眼眸一闪,穆槿宁这些天来的痛苦,也不曾因为第二次掌掴而泄恨,她的孩子得来不易,却险些因为祺贵人而命丧黄泉,她的言语之内满是凄冷决然,双目幽深难测:“这一巴掌,是打你不该算计皇嗣,算计我的孩子。是你动了不该有的念头,坏了宫里的规矩,丝毫没有怜悯之心,我如何相信你会忏悔向善?”
“你觉得我不配拥有皇上的恩宠,不配怀有皇上的骨肉,但你知道我这一路是怎么走来的吗?”遭遇此事的愤怒,压在心头,穆槿宁不曾纾解,见祺贵人还想蒙混过关,更是难以遏制心中怒气,她的右掌心隐隐发热,她咬牙说道:“那些过去虽然不值得炫耀,但绝对比你辛苦得多,我付出了多少,又失去了多少,我在被人踩踏的时候,是活在夹缝中的,你绝对没有尝到过那些滋味,这是你的幸运,你却并不惜福,一而再,再而三地挑衅生事。”
她怀上皇嗣,不要这个孩子的人,只能是皇上,若皇上这么说的话,她想留也留不住——无论如何,皇上跟她之间的事,祺贵人不能插手,也轮不到祺贵人插手。
“你嫉妒我,没有任何身世背景的女人是无法在后宫立足的,这么想的吧。”穆槿宁凝视着祺贵人眼底的泪光,她却没有任何动容,言语之内愈发冰冷无情。“说穿了,你不过是一介贵人,更不曾得到皇上临幸几次,你仰仗着家族豪门的靠山,若想安安分分地活着,就不该如此作威作福,惹祸上身。”

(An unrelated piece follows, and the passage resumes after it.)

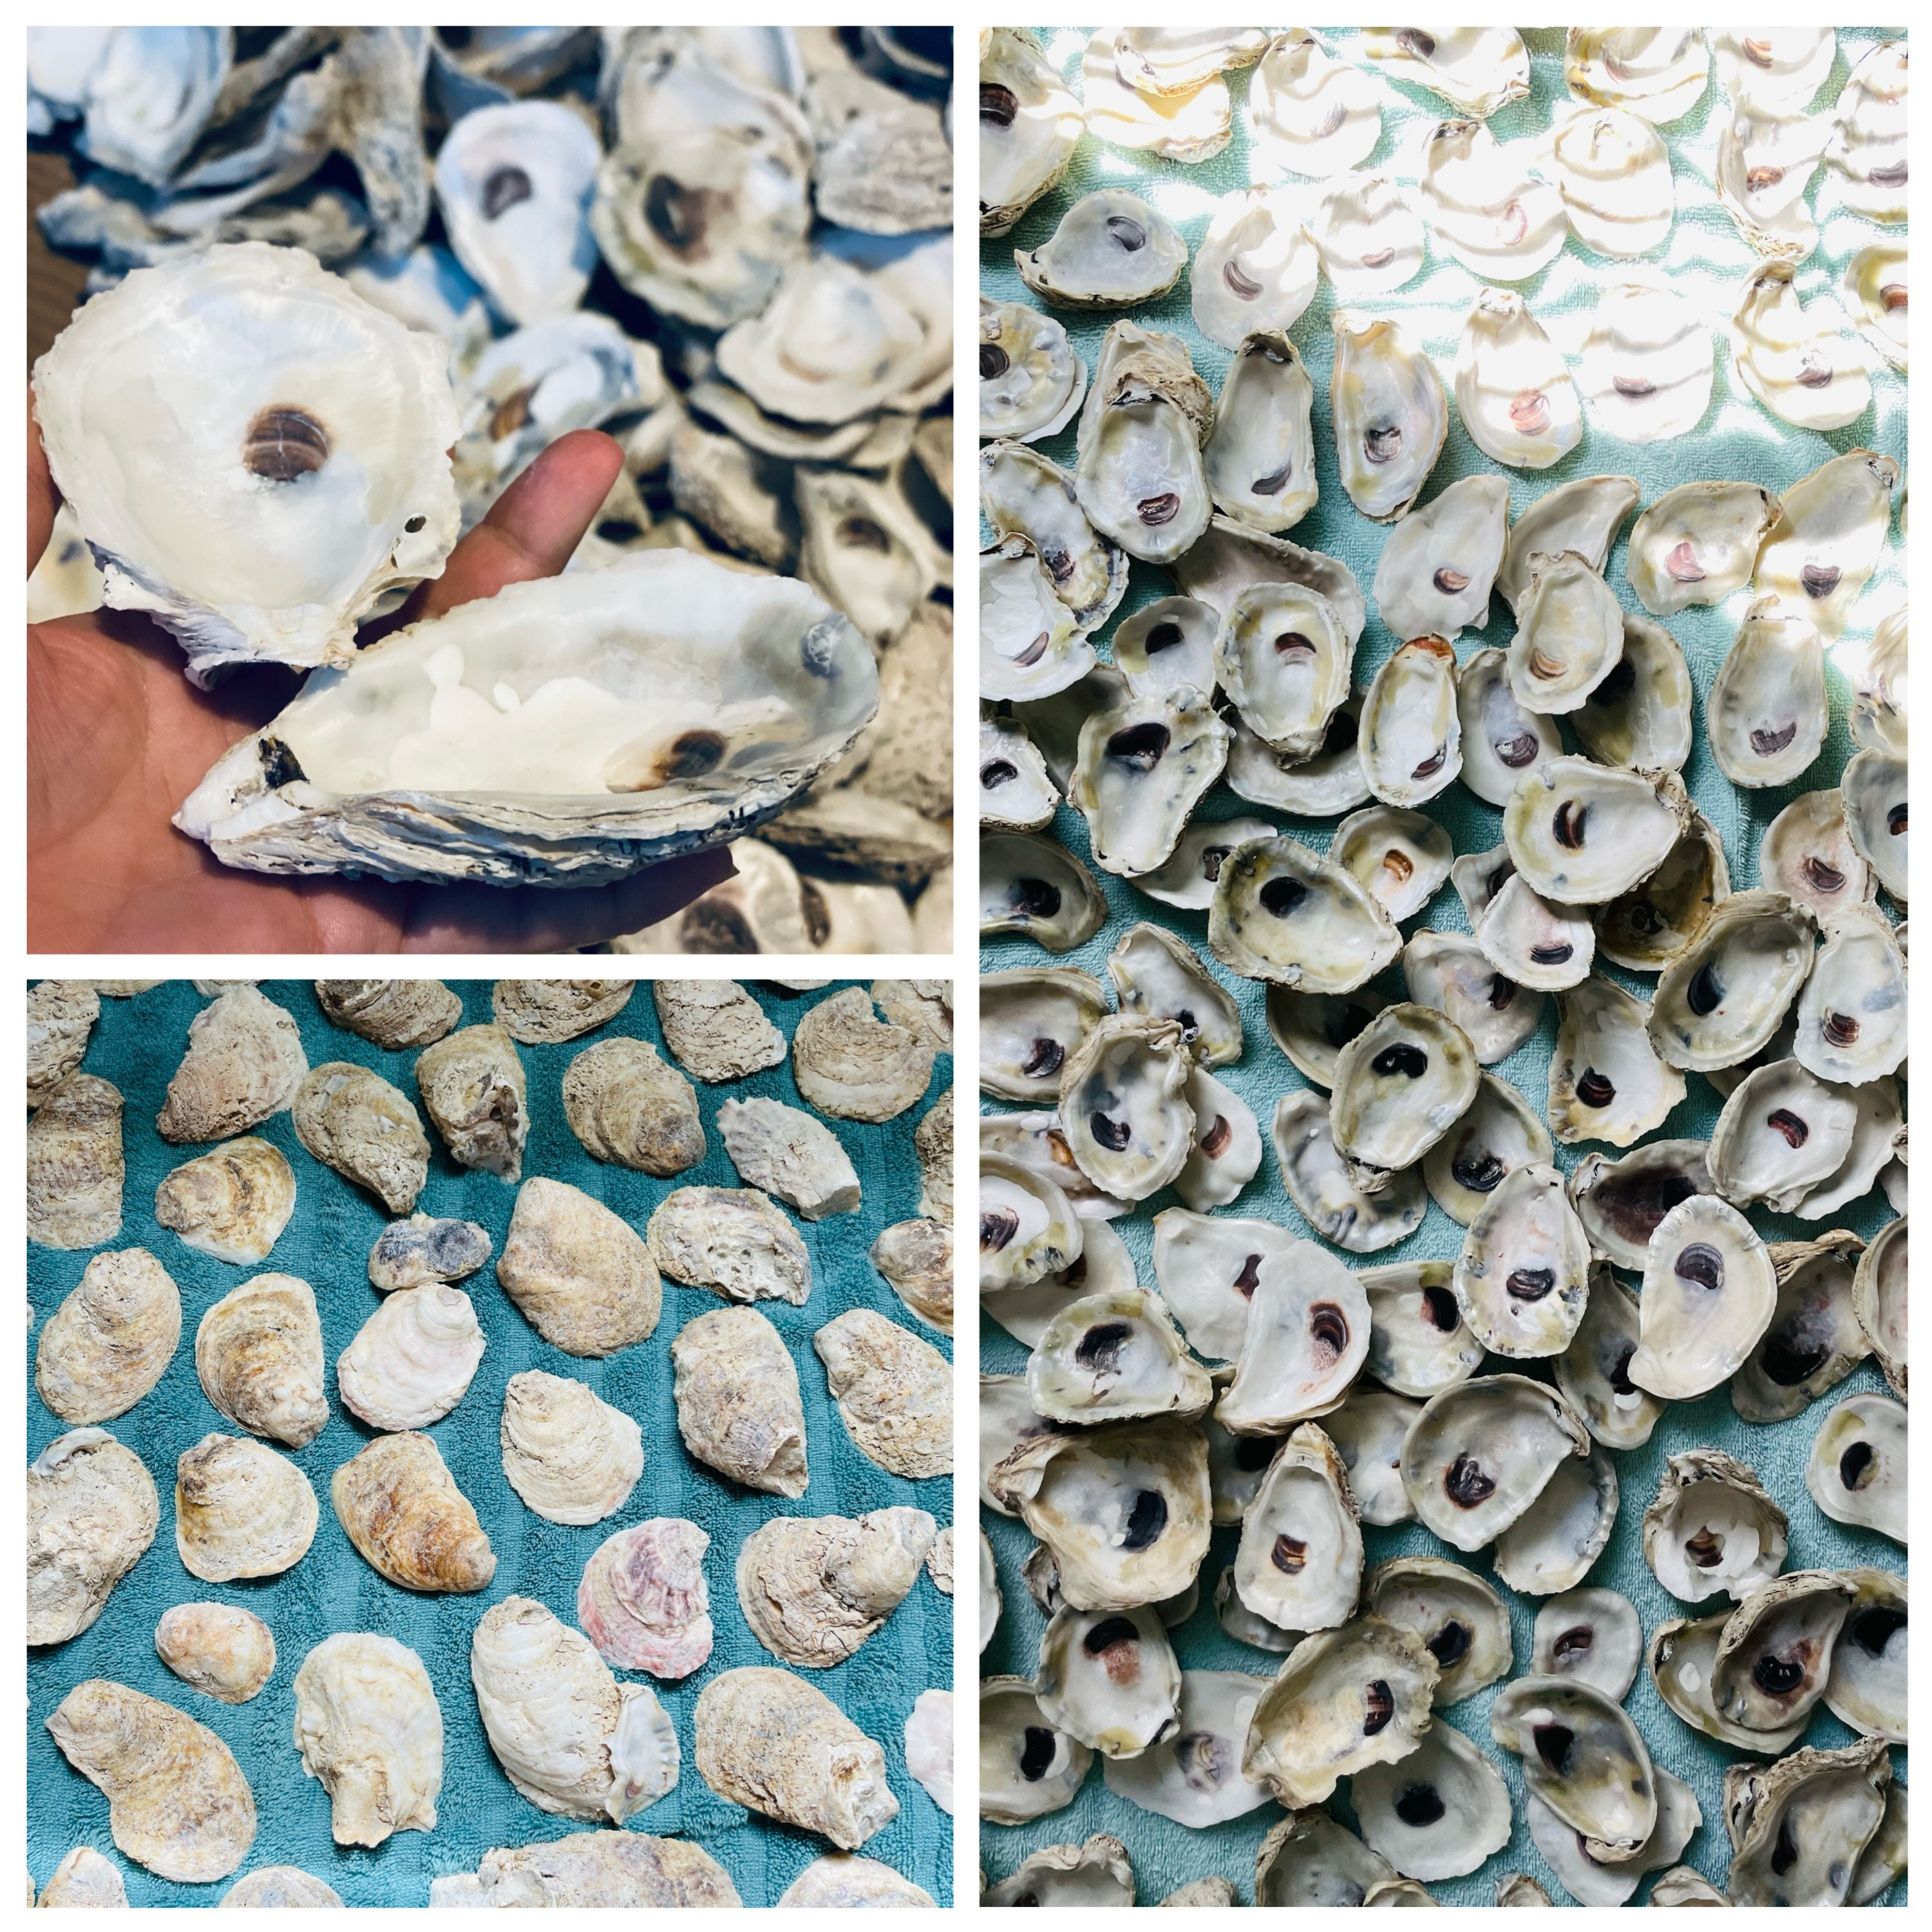 Premium Large Oyster Shells for Fun Crafts and Decor. No Holes/Cracks,  Non-Sharp, Odor Free, Round Shells . (No Sanding/Polishing/Painting) (3-  5 Length) (Assorted - 30PCS)

祺贵人当真是乐极生悲,她以为穆槿宁没了皇嗣,自己就能有上位的机会。由此可见,真正愚昧的人是她自己罢了。
哪怕她可以相信鸳鸯临死的疯话和忏悔,她可以因此而原谅饶恕鸳鸯,但穆槿宁很难再相信祺贵人,因为在祺贵人的身上,没有什么是真的,心,眼泪,愧疚,全部都是假的。
祺贵人恸哭出声,眼泪一滴滴落在地上,却也软化不来穆槿宁的心,她居高临下地望着这个倩影,不疾不徐地说道。“我不想看你再多更多的恶事,做更多的坏事,将整个宫里闹得鸡犬不宁,直到一切都被搅浑之后你才明白这个道理,因为不知你何时才能明白这一点。如今我全部告诉你,也免得你犯更多的错,一失足成千古恨。”
祺贵人浑浑噩噩地跪着,自从自己进宫来,就再无掉过一回眼泪,如今透过地上的模糊光影看着自己,也觉得陌生,她本该傲然挺到最后一刻,但最终还是没了所有底气。一旦知道她谋害皇嗣,自己的父亲和舅父,也没有脸面为她在皇上面前求情,她若是早些求饶,说不定还有一线生机……不知穆槿宁到底要跟她说何等的箴言,她几分迷失,几分清醒地听着,双手几乎撑不起自己的身子,暗中发抖。
“不管我有没有皇嗣,这辈子都在你的上头——不管我有没有名分,这辈子都是在你的上头。”
穆槿宁清楚自己若是心软,让祺贵人依旧留在宫里,哪怕孩子生下来之后,她还是要防着祺贵人,对罪人的仁慈,姑息,不见得会有好结果。
这一句话,强硬的像是千斤巨石,压在祺贵人的身上,原本哪怕察觉自己情势急转直下也不曾料到眼前的女人早已洒下天罗地网,只为网罗自己。而自己就像是沾上那张蜘蛛网的飞蛾,哪怕不会马上死去,但迟早都是死路一条。
她蓦地体力不支,瘫软在地,从清晨开始,这整整半日心神不宁,紧张忐忑,终究是挺不下去。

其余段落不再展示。